Very high divorce rates and a culture where having a affair is quite common, contradicts the "Thou shalt not commit adultry' commandment.

The capatilist style politics and culture where being rich is admired and looked up to when the bible clearly states that rich people will not go to heaven. It's in Mathew 19:24 (and a few other sections)- 'And again I say unto you, It is easier for a camel to go through the eye of a needle, than for a rich man to enter into the kingdom of God.'

Some American states allow gay marriage (something I support) which is pretty rare in this world yet the bible clearly says that all gays (or at the very least gay males) should be put to death in Leviticus 20:13 - "If a man lies with a man as one lies with a woman, both of them have done what is detestable. They must be put to death; their blood will be on their own heads."

More than %10 of the US population lives below the povety line yet despite what the bible says in Deuteronomy 15:7: I command you to be openhanded toward your brothers and toward the poor and needy in your land" . Americans give more to their church (who just spend it most of it on themselves) than they do to the poor who obviously aren't get enough help (or any at all).
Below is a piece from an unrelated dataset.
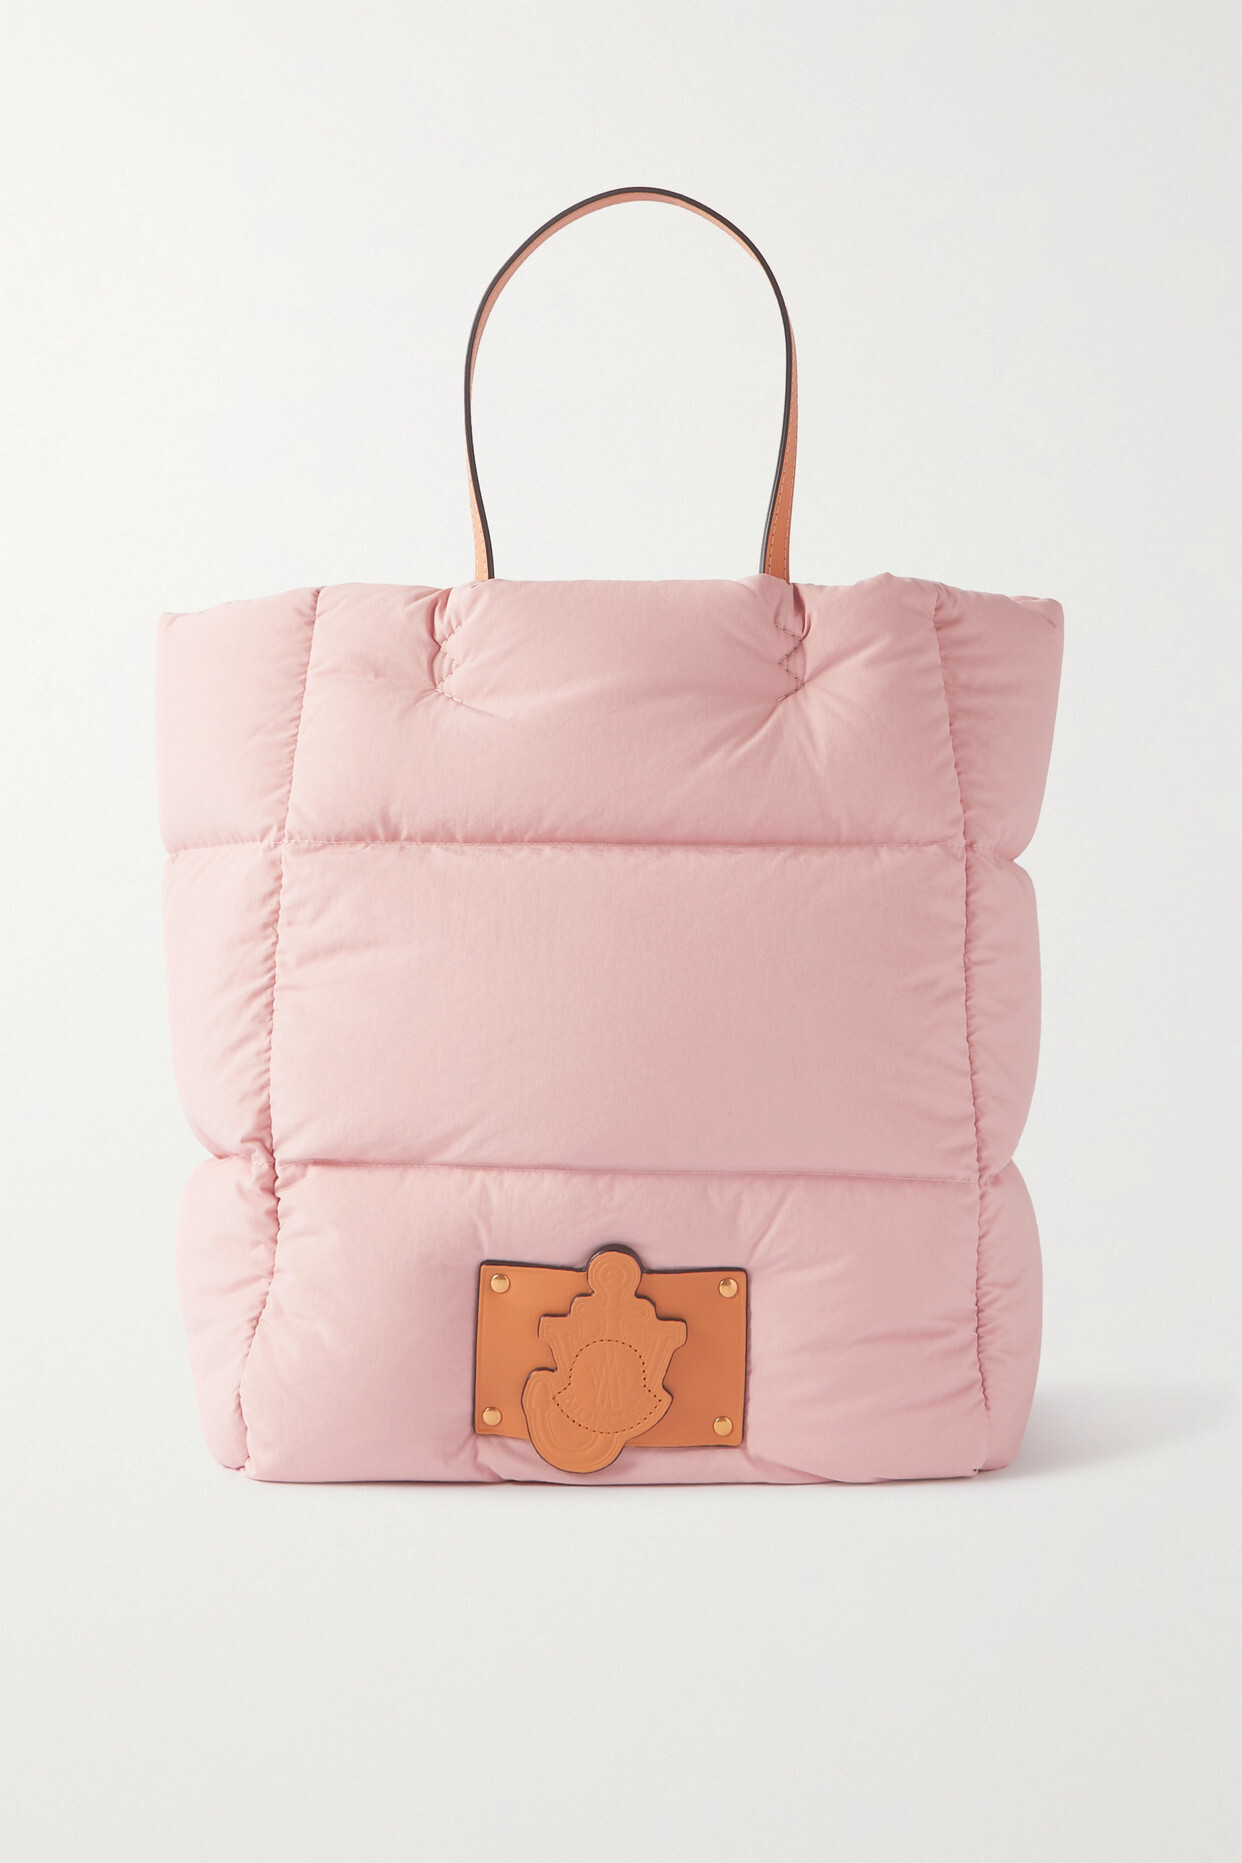 Moncler Genius - + Jw Anderson Leather-trimmed Quilted Nylon Tote - Pink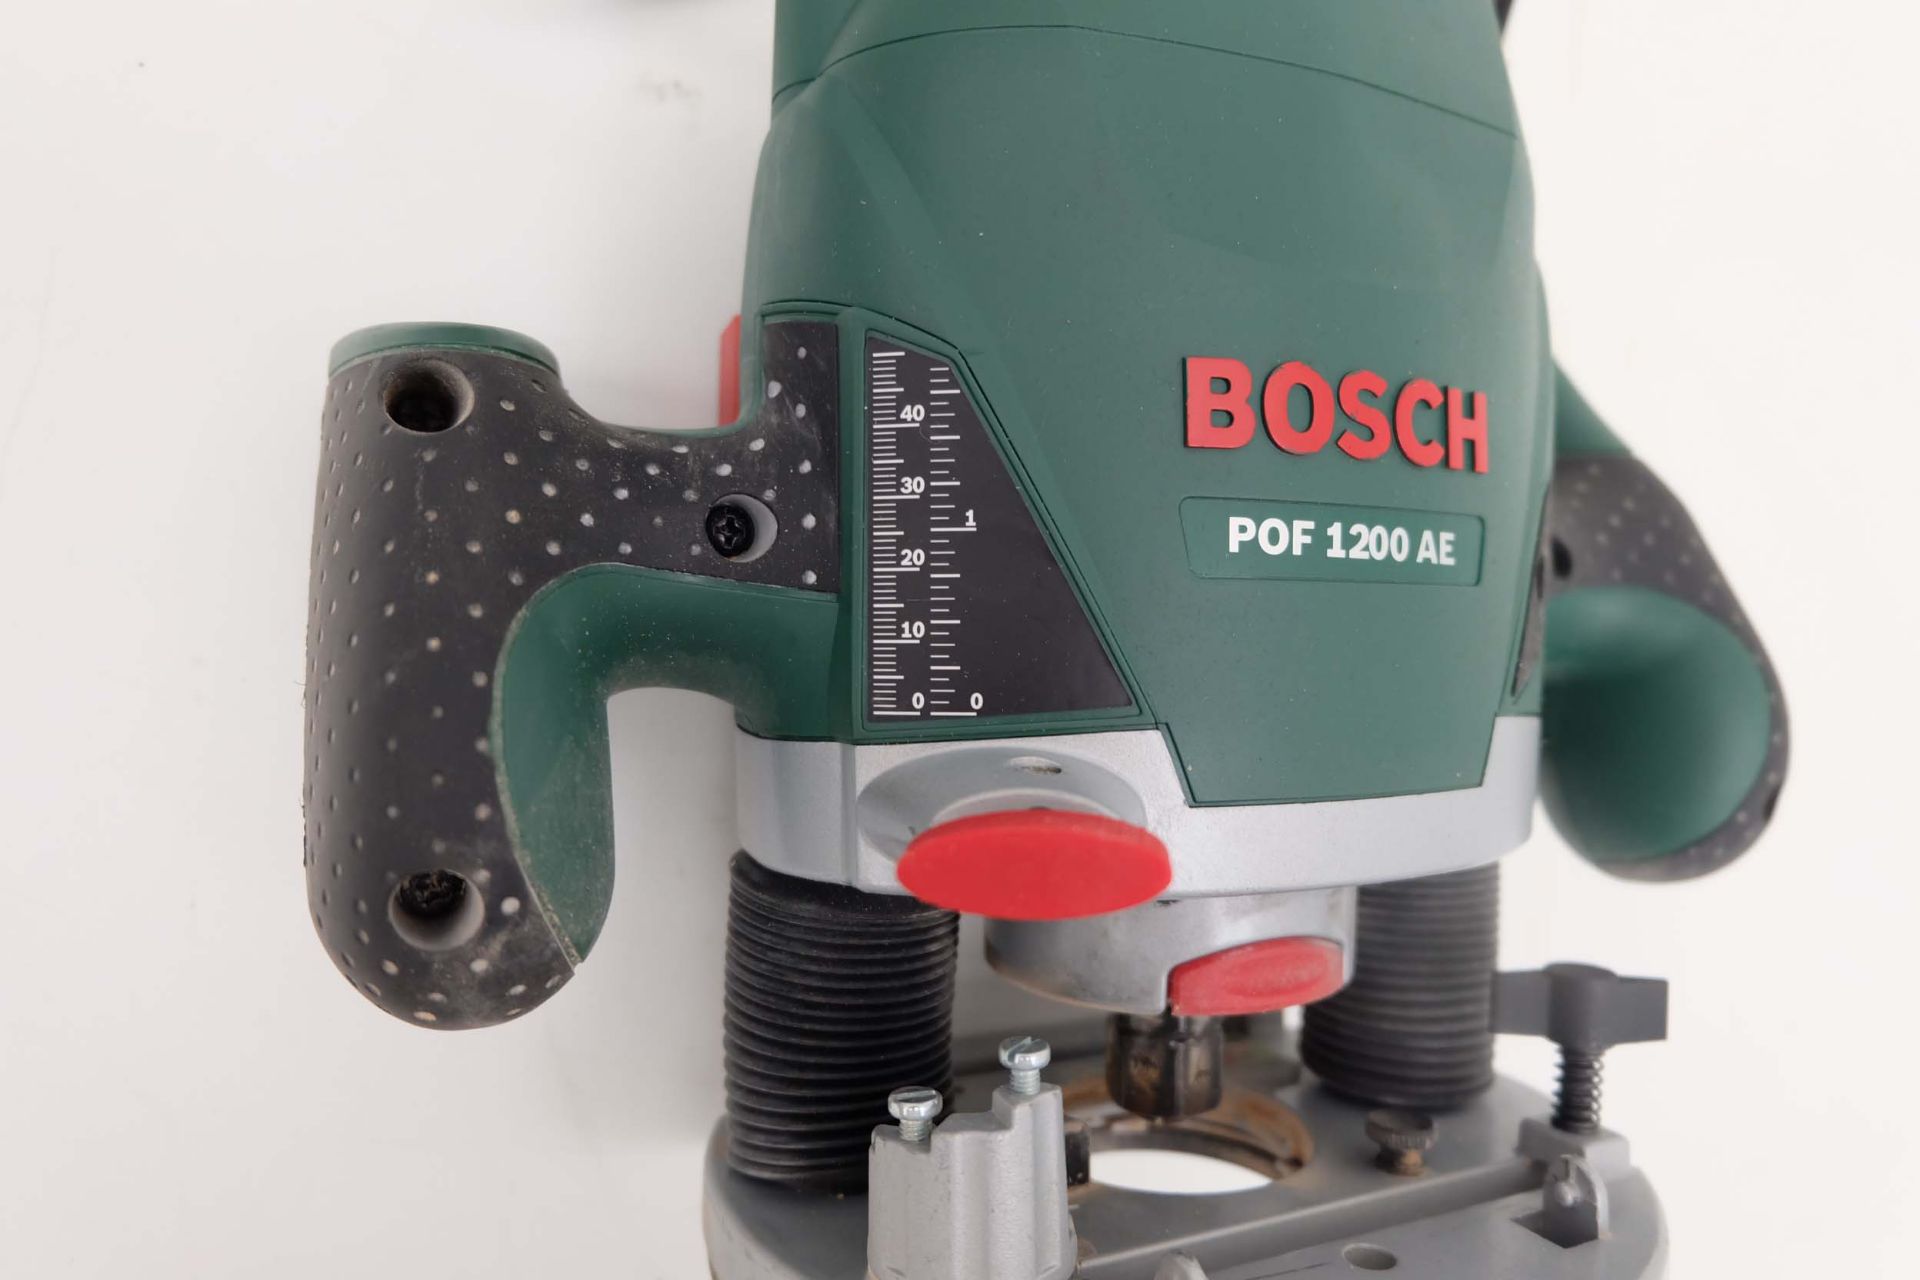 Bosch POF1200AE Electronic Plunging Router. 230V,1200W Motor. With Box of Bits. - Image 6 of 9

Less than half of all Americans attend church every week, some polls showing as little as 25% actually do.
I haven't seen statistics for this but it would appear they're also in violation of the 4th commandment: "Remember the Sabbath and keep it holy".



Why? North America and Britain have always embraced religion or spirituality, it's part of the culture and it's part of who we are.
Is this by way of exposing Children too it straight from Birth (by way of baptisims, christenings, circumcisms etc etc)? I don't know about Britain but Australia, as part of the Commonwealth/British empire does not 'embrace' religion and it's not part of who we are and our Prime minister does not constantly tells us to 'pray' or 'bless'. In the past we've even elected Athiest prime ministers (Paul Keating).

Belief in something greater than yourself is a wonderful thing
In what way?

This makes me think about the fact that no alcohol can be sold or bought on Sunday in this state. Every time I go to the grocery store on Sunday and I see those tarps lining the shelves with booze I get so fucking aggravated. And no, I don't drink.
I didn't know that. So much for a free country.

But did they have to create 100 different variations of a single religion?
I assume thats because they keep finding themselves violating their own relgion's rules so they start up a new Christian church with rules adjusted to suit themselves.

Being intelligent doesn't necessarily mean having a scientific background or being a special effect specialist on a TV show. Though generally, scientists tend not to be religious.
Thats true, but being scientific means knowing the facts, being logical, using or discovering evidence and defining unproven work as theorys which are all characteristics of a intelligent person. Christianity on the other hand requires a person to ignore evidence and believe in unproven stories/statistics of which they are not allowed to question or believe otherwise. These are the chracteristics of a narrow minded person who is unable to think for themselves - things that a intelligent person isn't.

Most of us also possess the ability to not push our beliefs on other people
I may be wrong, but doesn't the Mormon Church (and the church of latter day saints or are they the same church) and similar churches come from America? All they seem to do is send people door knocking around the neirbourhoods, armed with a bible to try and convert people. Most of the people we get in Australia doing that, are actually Americans who travelled here specifically just to do that. Why don't they spend their time doing charity work instead?



Anyway, back to the original post, Someone tell me what these statements from the president are needed for and what they're supposed to mean.
Frankly I found it rather scary that the person in charge of the worlds most powerful country believes in a super natural being.